Reproduce the whole listing exactly, omitting any picture it holds.

Collected data START

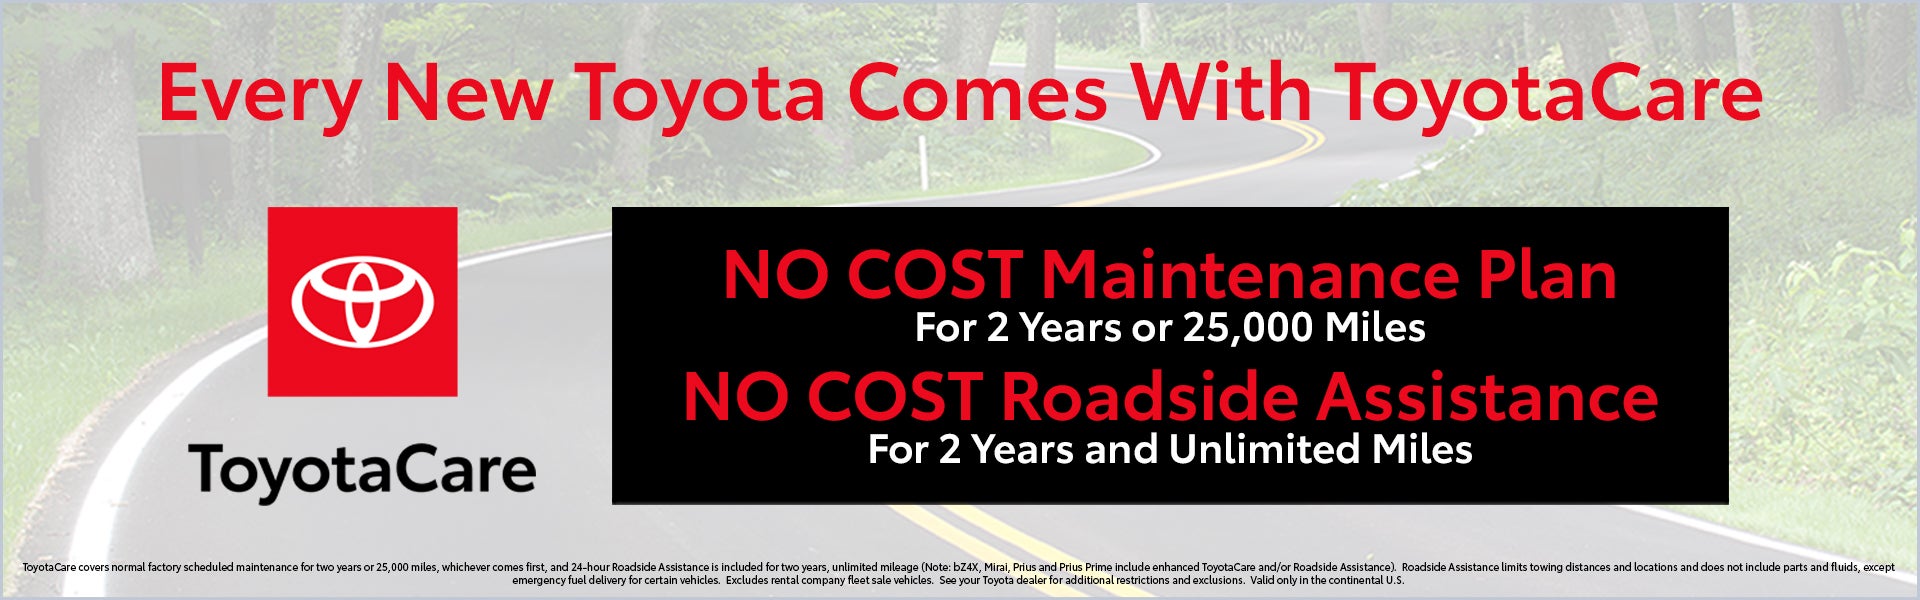 ToyotaCare Maintenance Plan
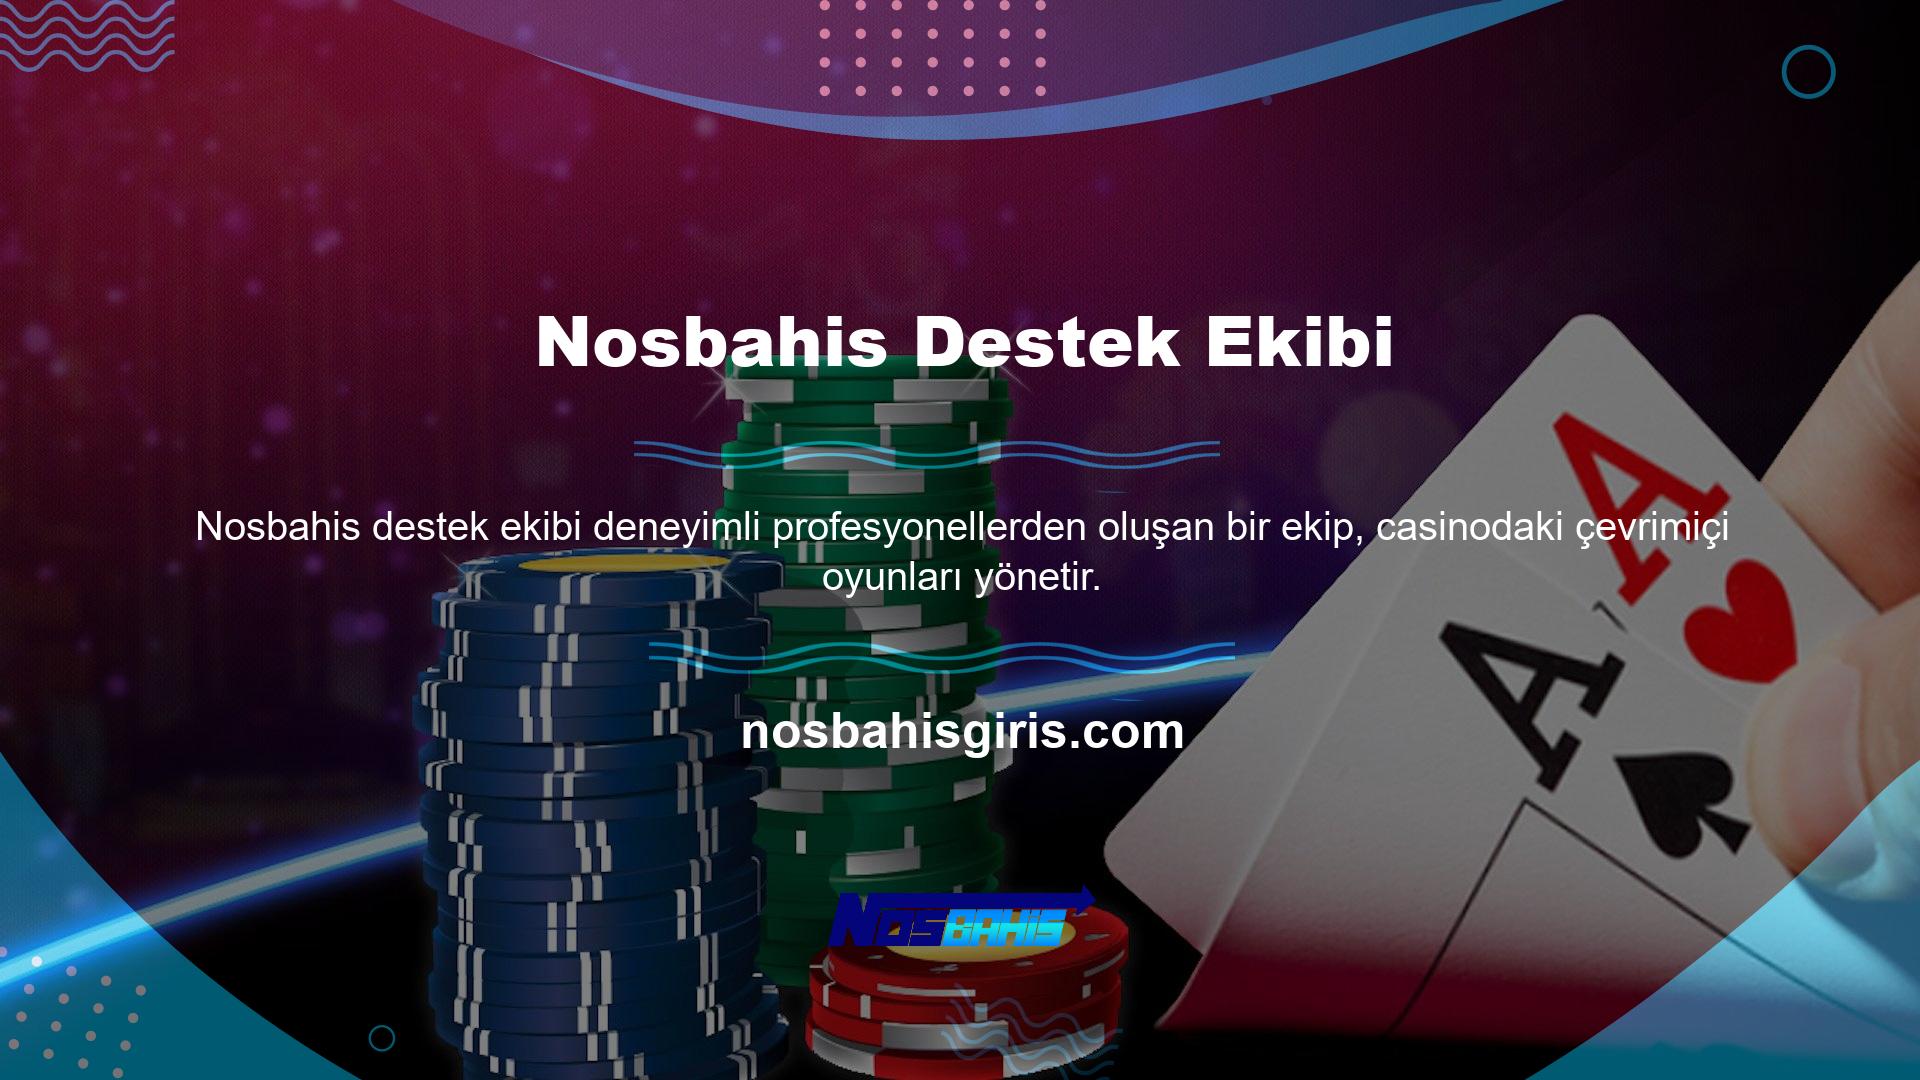 Türk oyuncuların ilgisini çeken en yeni bahis sitelerinden biri olan Nosbahis Bahis Deposito, yüksek faiz oranlarına ve cömert bonus tekliflerine sahiptir
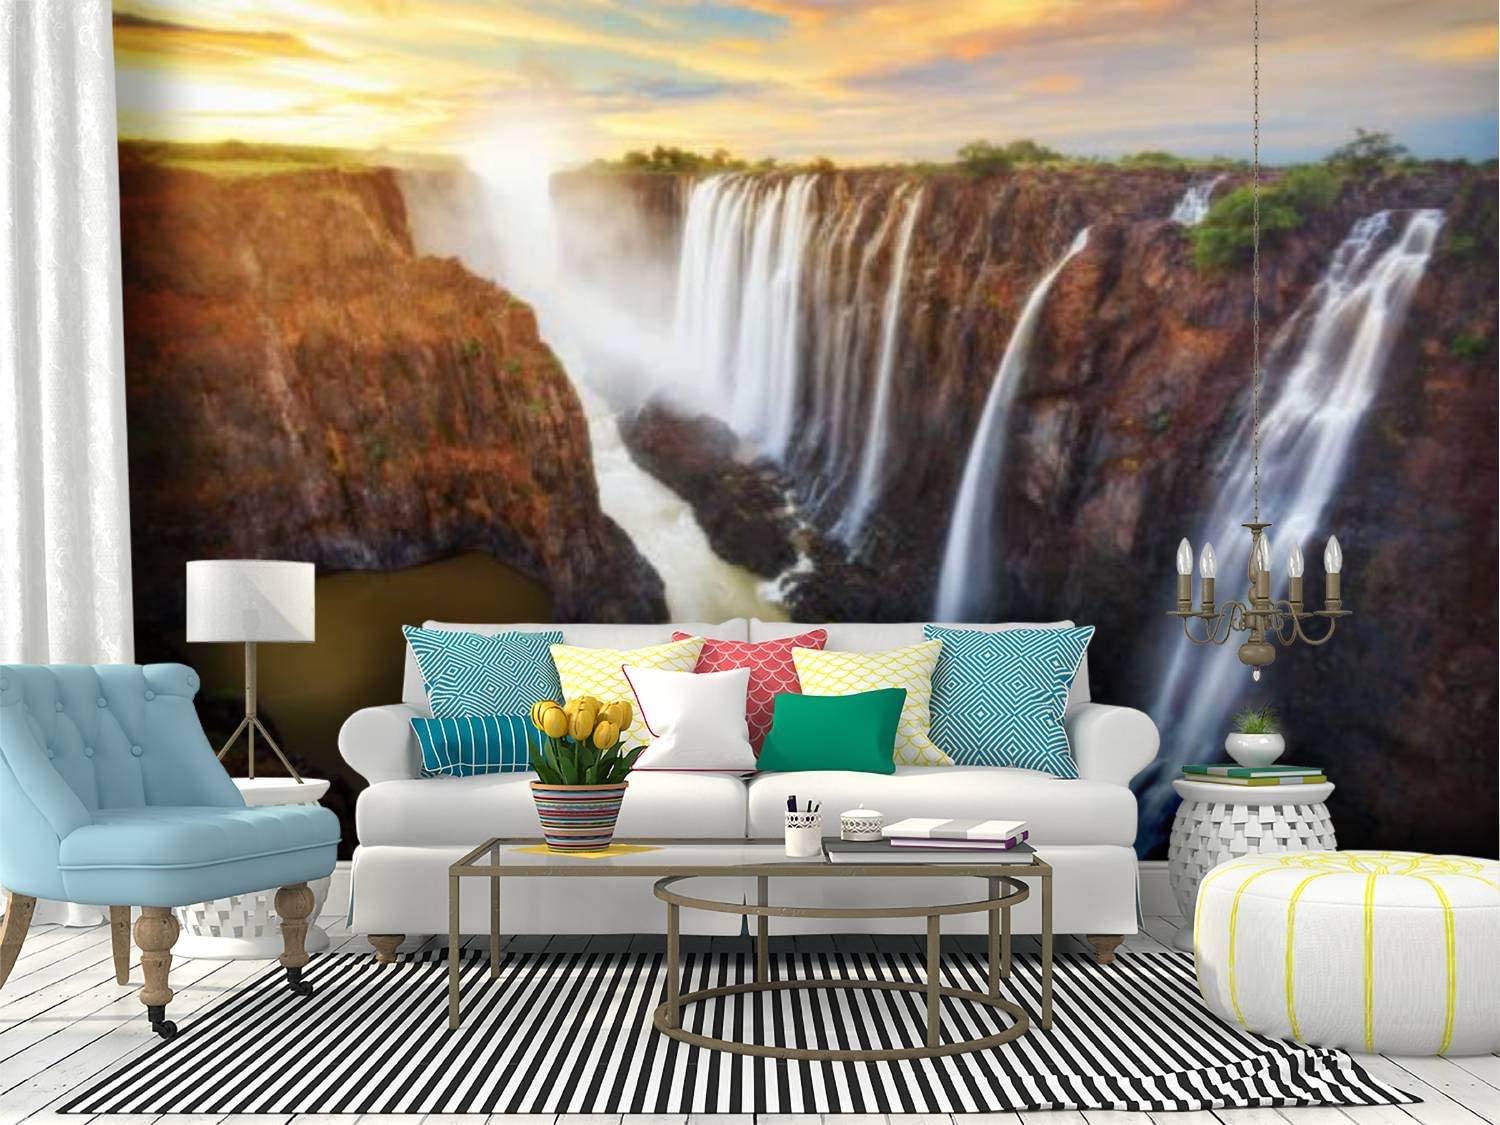 Zambia Wallpapers

Collected data END

--- Task answer ---
 ToyotaCare Maintenance Plan
 Türk oyuncuların ilgisini çeken en yeni bahis sitelerinden biri olan Nosbahis Bahis Deposito, yüksek faiz oranlarına ve cömert bonus tekliflerine sahiptir
 Zambia Wallpapers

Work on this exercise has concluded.